**EXERCISE PROMPT:**
Give the data again exactly, without images.
-- DATASET SECTION follows --
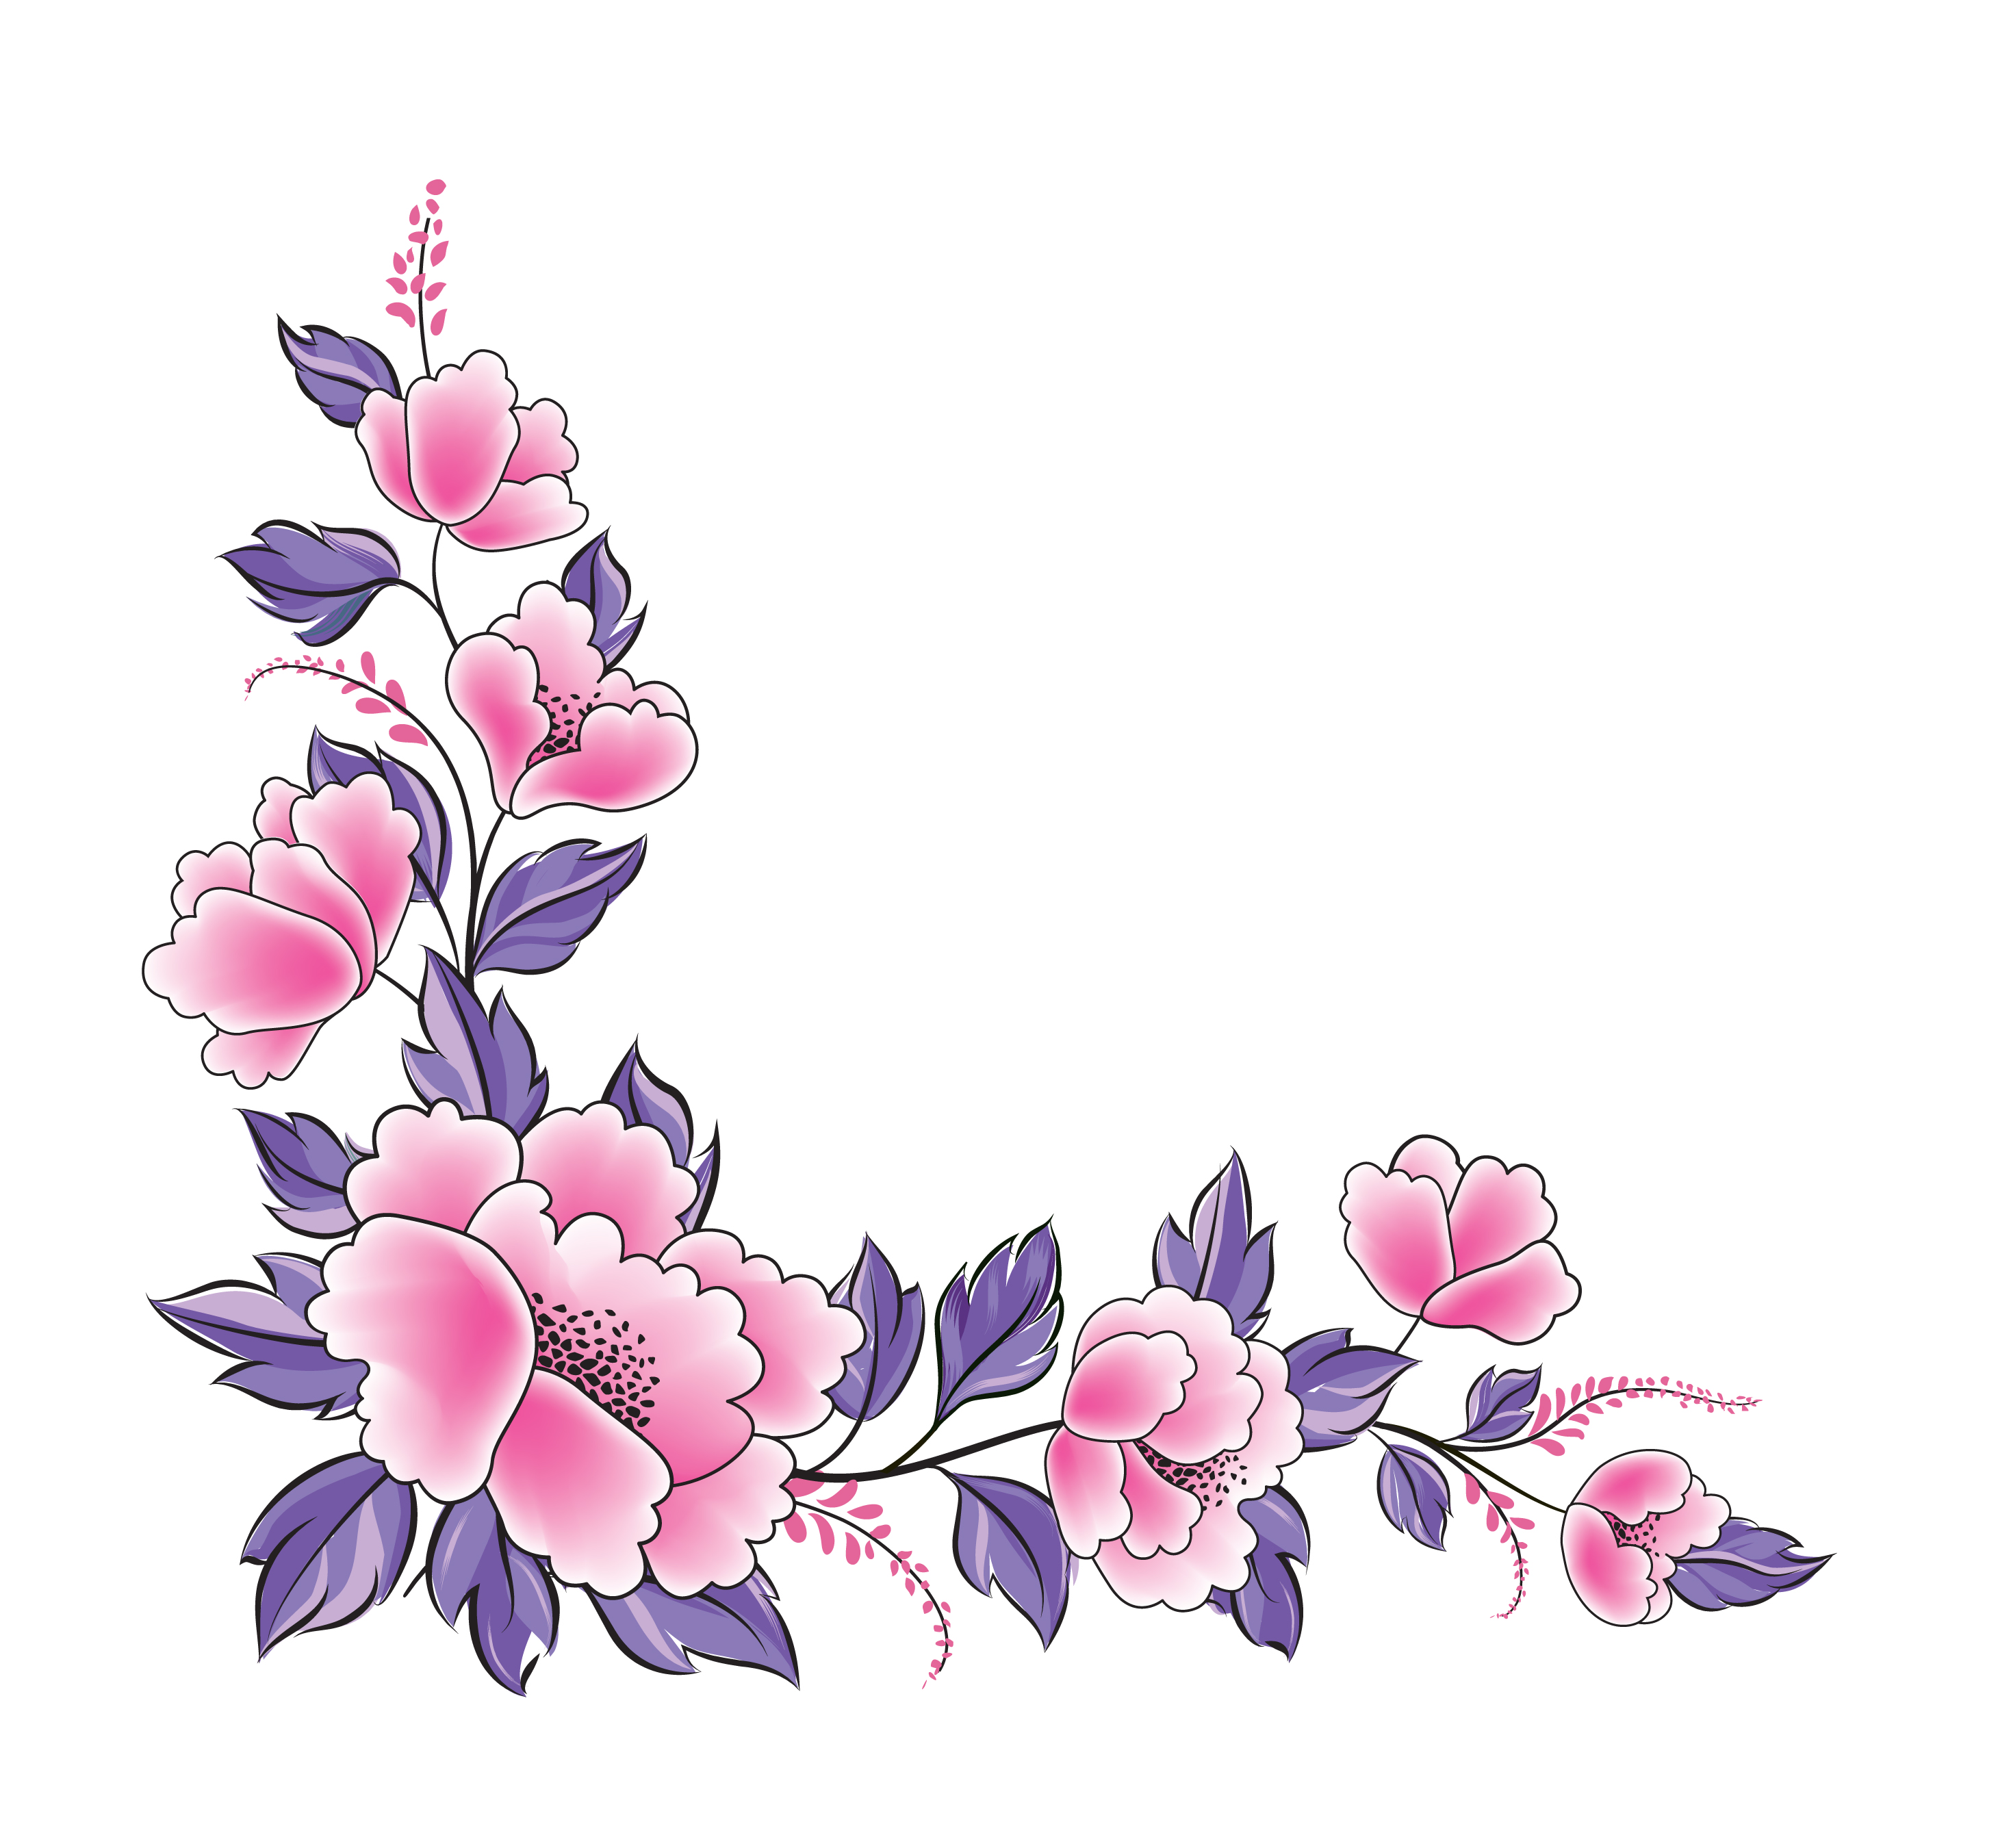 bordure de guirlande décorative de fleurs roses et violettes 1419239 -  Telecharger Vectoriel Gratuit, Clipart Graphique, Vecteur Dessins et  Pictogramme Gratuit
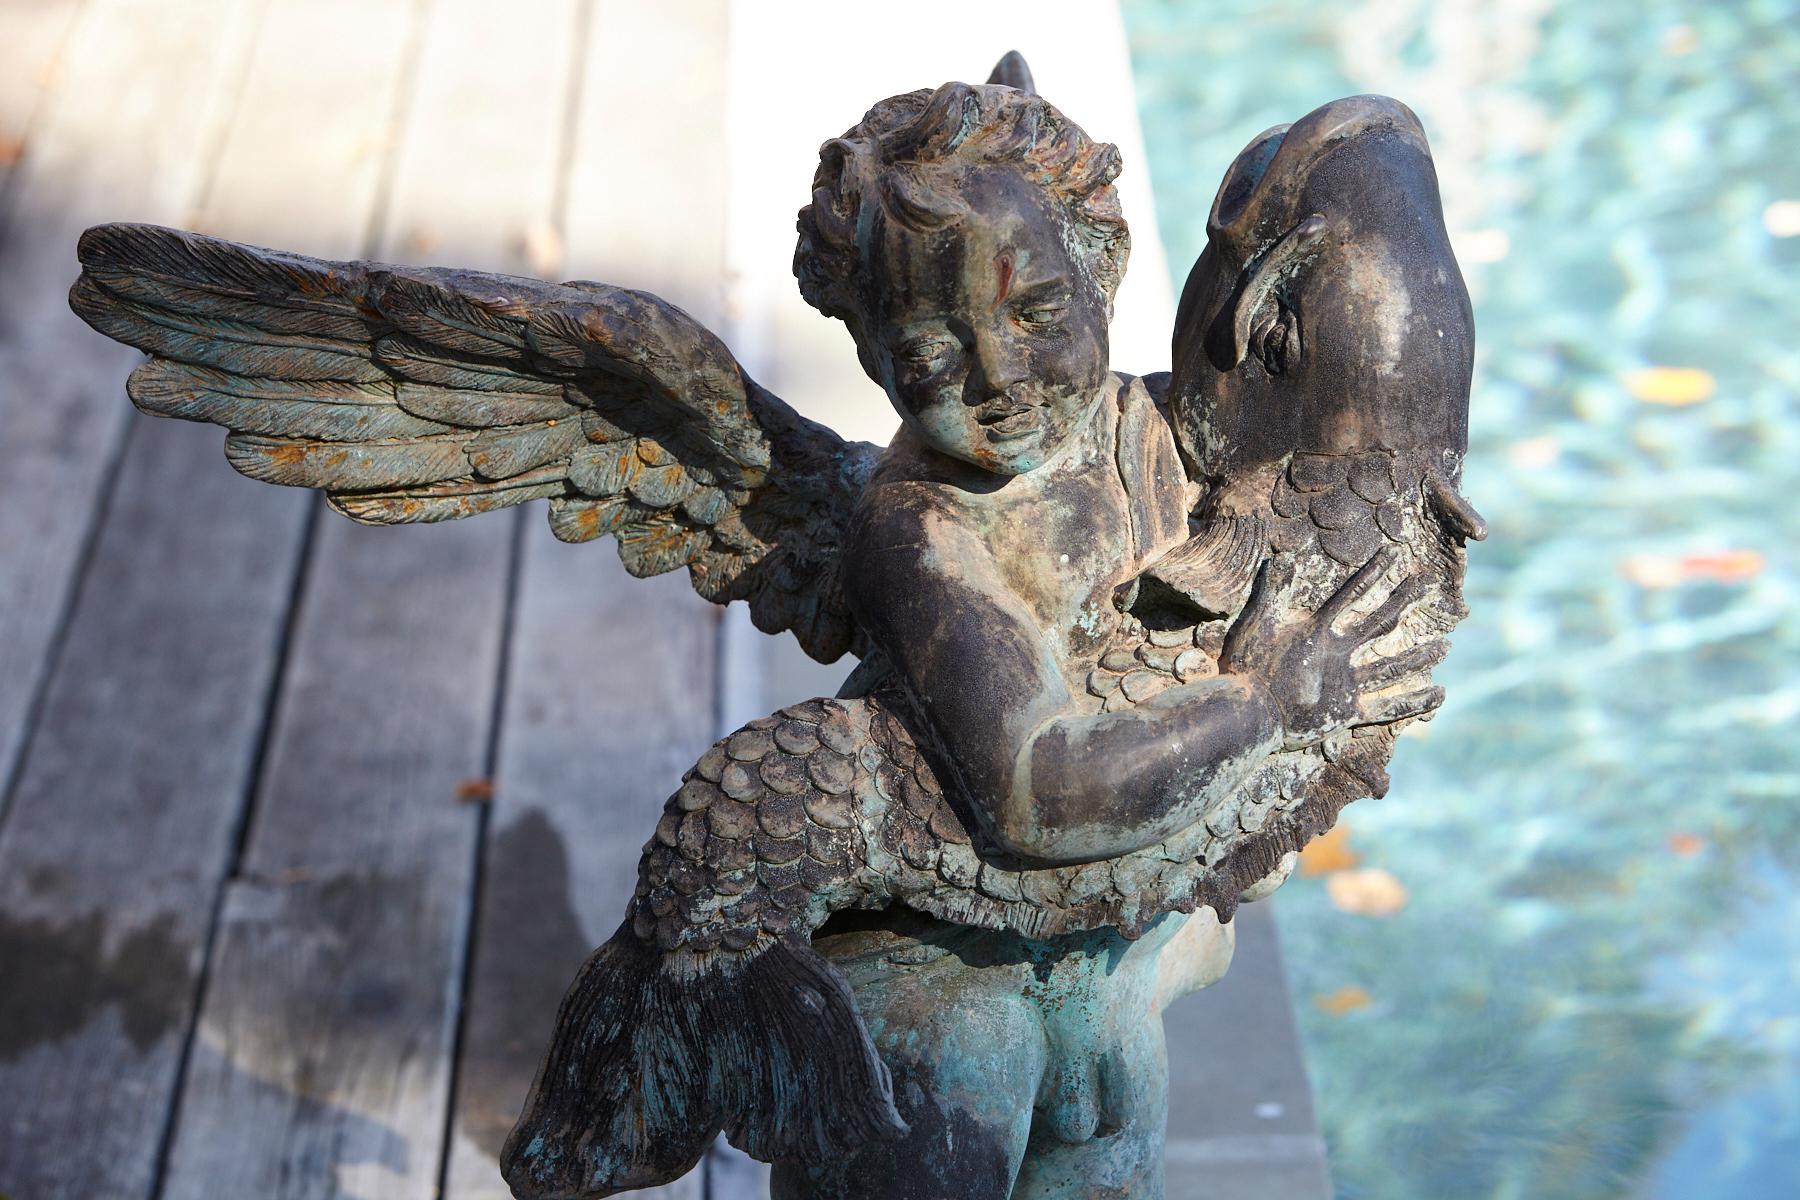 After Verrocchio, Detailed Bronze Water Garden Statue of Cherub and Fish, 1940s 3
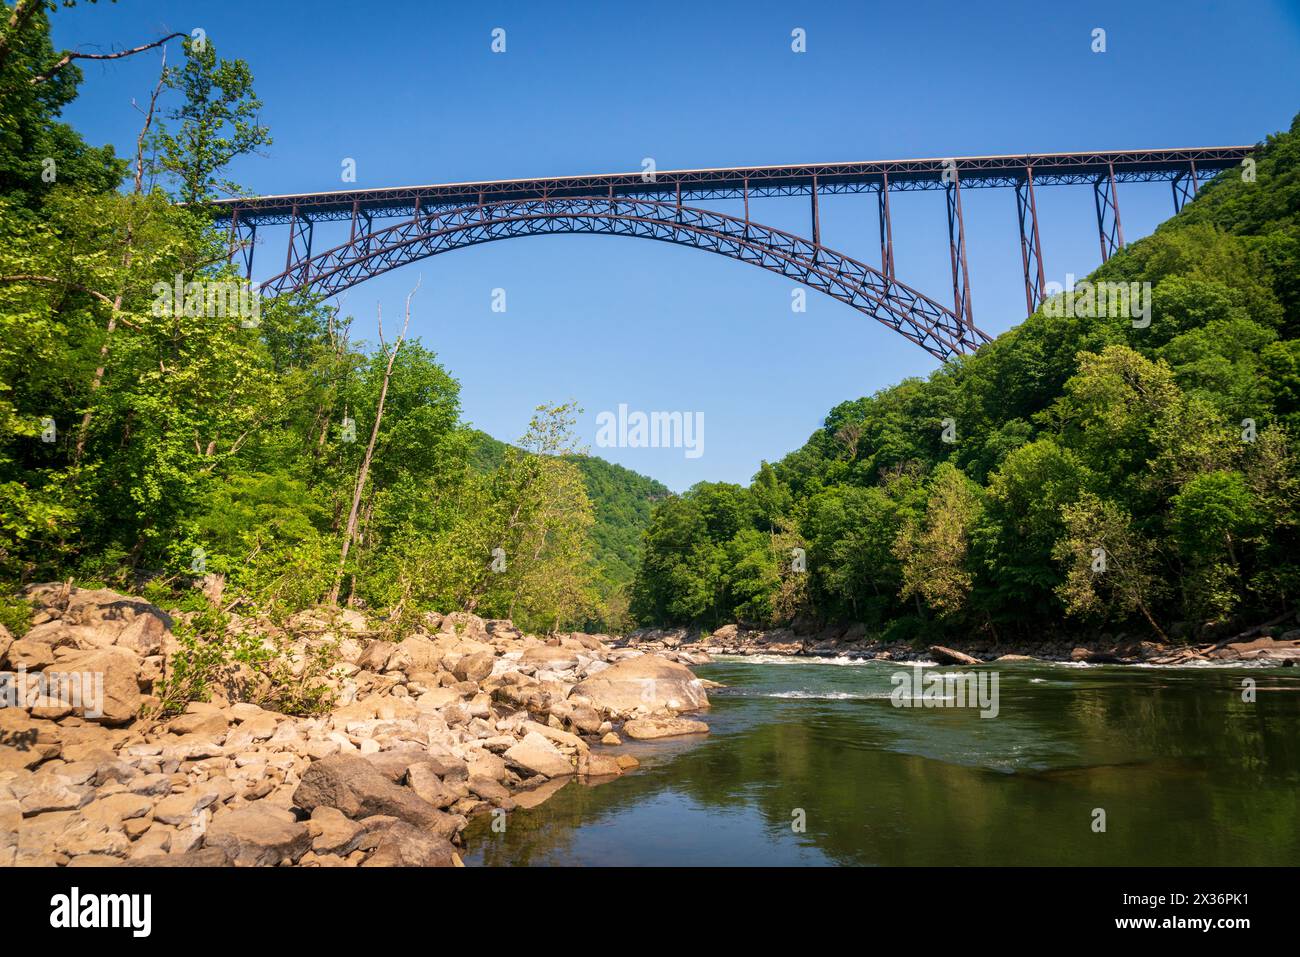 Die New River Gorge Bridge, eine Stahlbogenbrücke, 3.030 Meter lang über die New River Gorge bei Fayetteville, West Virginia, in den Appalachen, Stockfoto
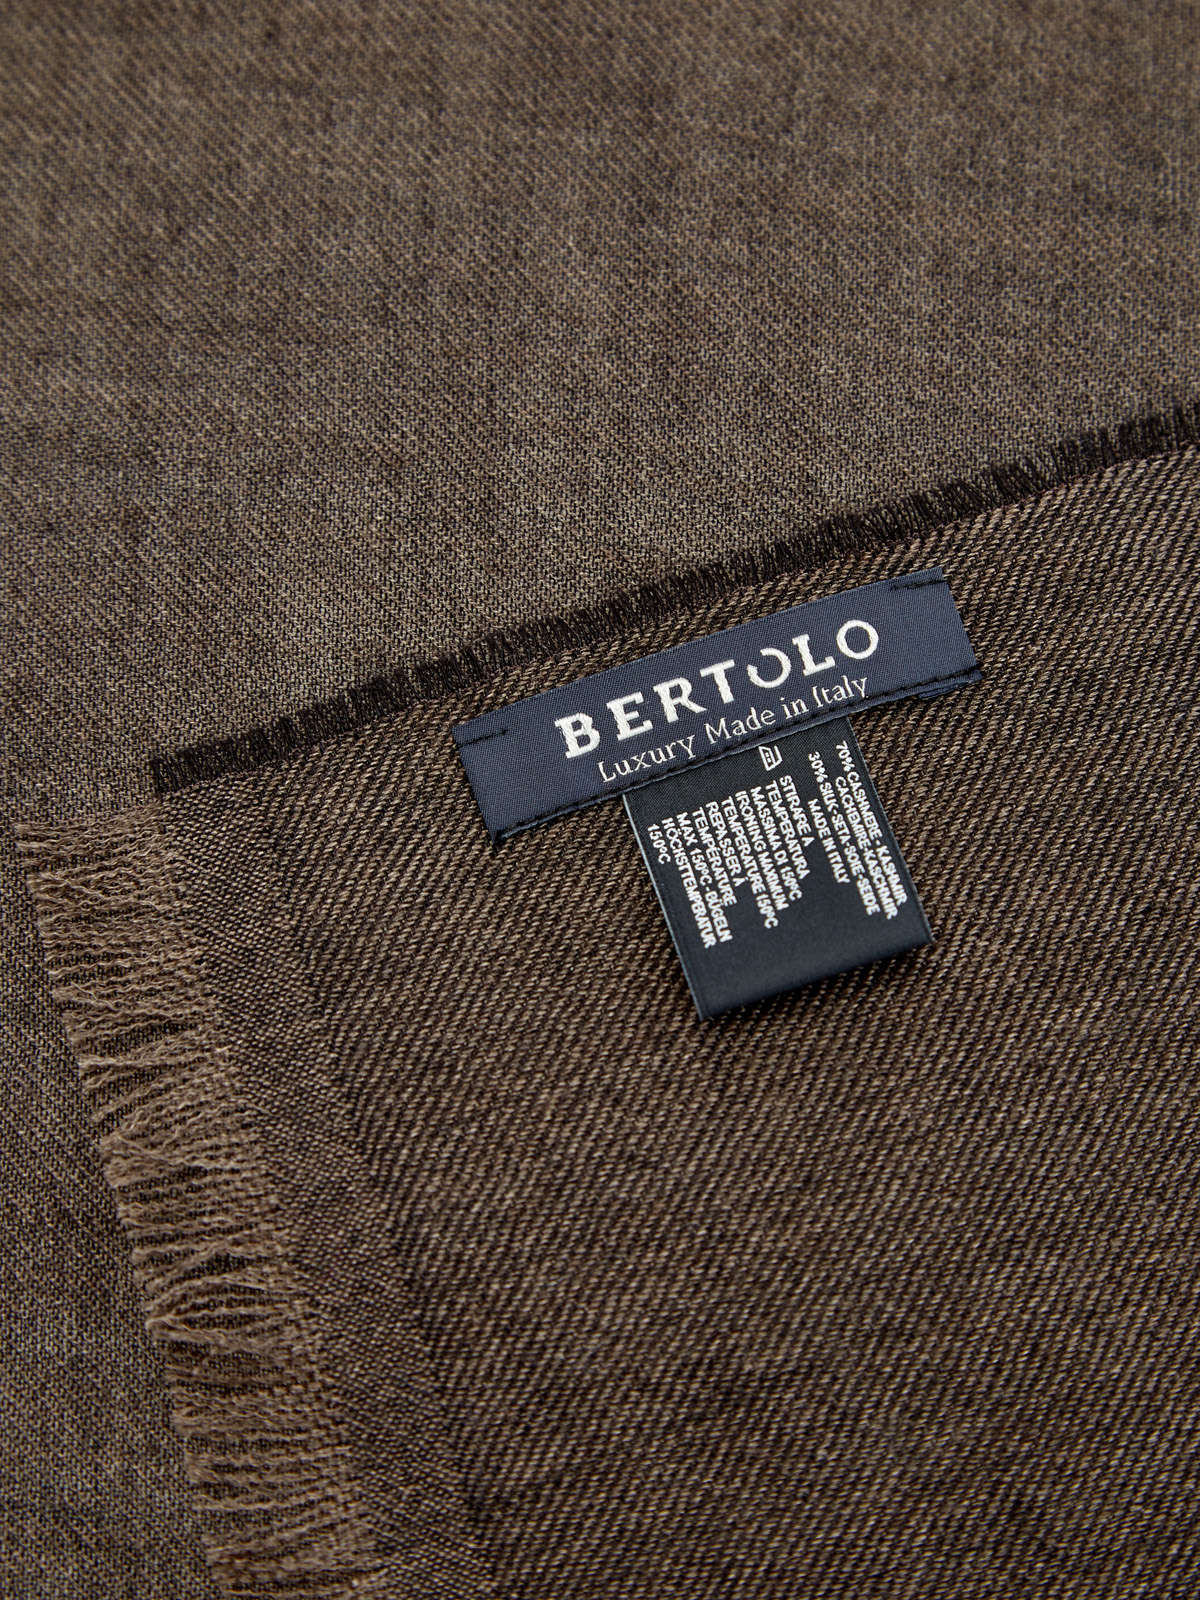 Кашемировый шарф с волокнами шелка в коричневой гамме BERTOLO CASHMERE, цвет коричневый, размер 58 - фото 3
-- DATASET SECTION concluded --
**WRITTEN REPLY:**
 bordure de guirlande décorative de fleurs roses et violettes 1419239 -  Telecharger Vectoriel Gratuit, Clipart Graphique, Vecteur Dessins et  Pictogramme Gratuit
 After Verrocchio, Detailed Bronze Water Garden Statue of Cherub and Fish, 1940s 3
 Die New River Gorge Bridge, eine Stahlbogenbrücke, 3.030 Meter lang über die New River Gorge bei Fayetteville, West Virginia, in den Appalachen, Stockfoto
 Кашемировый шарф с волокнами шелка в коричневой гамме BERTOLO CASHMERE, цвет коричневый, размер 58 - фото 3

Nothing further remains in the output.